Heilongjiang Junhe Building Materials Technology Co., Ltd , https://www.junhejiancai.com
Aluminum alloy body welding technical characteristics and welding precautions
Aluminum and its alloys possess unique properties that make them challenging to weld. One of the primary issues is their strong affinity with oxygen, which leads to the formation of a dense alumina layer on the surface. This oxide film, approximately 0.1 μm thick, has a melting point of up to 2050°C—far higher than that of aluminum itself. The high density of this film, about 1.4 times that of aluminum, can hinder proper bonding during welding and cause slag inclusion. Additionally, the oxide layer absorbs moisture, which can lead to porosity in the weld. These defects significantly reduce the mechanical performance of the welded joint. To ensure quality, the surface must be thoroughly cleaned before welding, and effective shielding gas (like 99.99% argon) should be used to prevent re-oxidation.
Aluminum and its alloys also have high thermal conductivity and specific heat capacity, causing rapid heat dissipation during welding. This necessitates the use of high-energy, concentrated heat sources, especially for thicker sections, where preheating may be required. The linear expansion coefficient of aluminum alloys is about twice that of steel, leading to significant distortion during welding. To minimize deformation, suitable welding tools and proper process parameters are essential, particularly when working with thin plates. Some aluminum alloys are prone to hot cracking due to internal stresses within the brittle temperature range, making it crucial to optimize joint design and filler material selection.
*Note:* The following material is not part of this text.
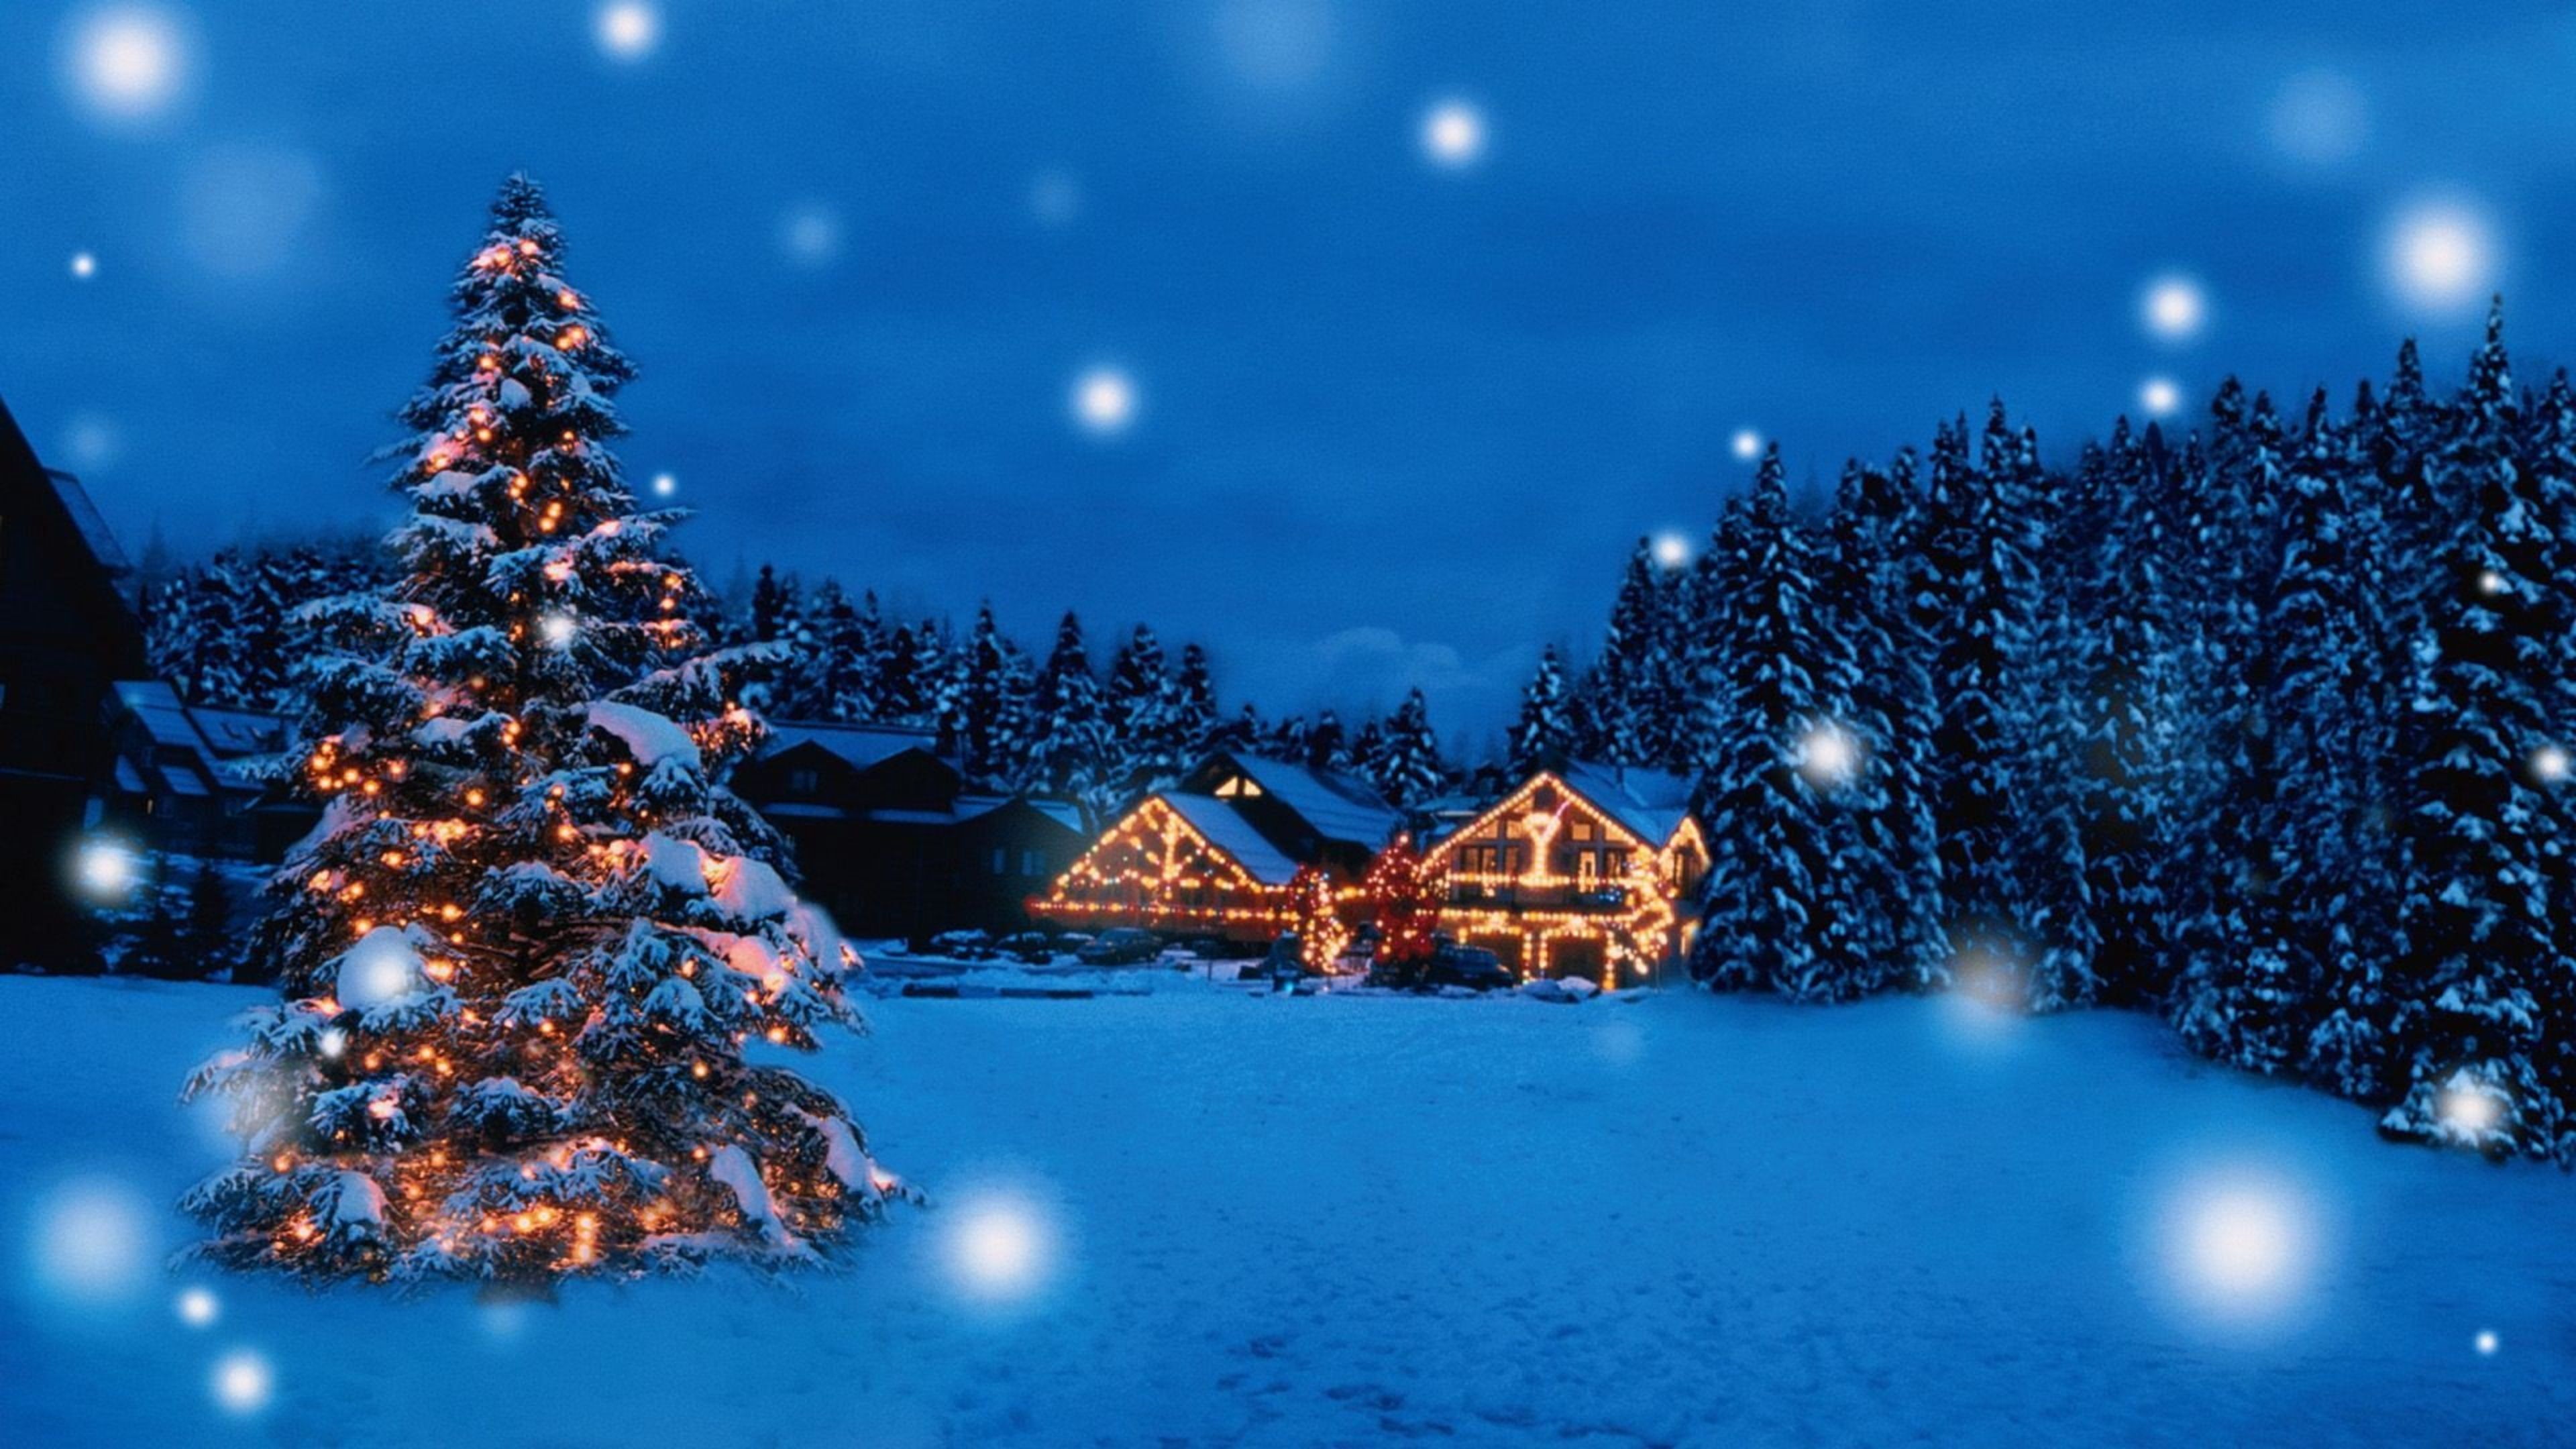 Christmas 2022 Wallpapers: Hãy tô điểm cho điện thoại hay máy tính của mình với những hình nền tuyệt đẹp và đầy ý nghĩa về mùa lễ Giáng Sinh này. Hãy tận hưởng không khí tràn đầy niềm vui và sự mới mẻ, cùng với những hình ảnh hấp dẫn và sáng tạo.

Porosity is another common issue in aluminum welds, mainly caused by hydrogen. Moisture from the atmosphere, welding materials, or the oxide layer on the parent metal can introduce hydrogen into the weld pool. As the molten metal solidifies, dissolved gases may not escape, resulting in voids. Controlling hydrogen sources is vital, including drying all materials and limiting exposure time after cleaning. For TIG welding, a high current and speed are recommended, while MIG welding benefits from slower speeds to allow gas escape.
At elevated temperatures, aluminum’s strength decreases significantly. At 370°C, its strength drops to around 10MPa, making it difficult to maintain weld integrity. In such cases, backing plates are often used to support the molten metal and prevent burn-through. Another challenge is that aluminum does not change color when melting, making it hard for operators to judge the correct temperature. Skilled welders must rely on techniques like flat welding and using a lead plate to initiate the arc.
In summary, welding aluminum and its alloys requires careful preparation, precise control of environmental conditions, and appropriate welding techniques. Proper cleaning of the workpiece and wire, the use of high-purity shielding gas, and attention to temperature and humidity are all critical factors in achieving successful welds.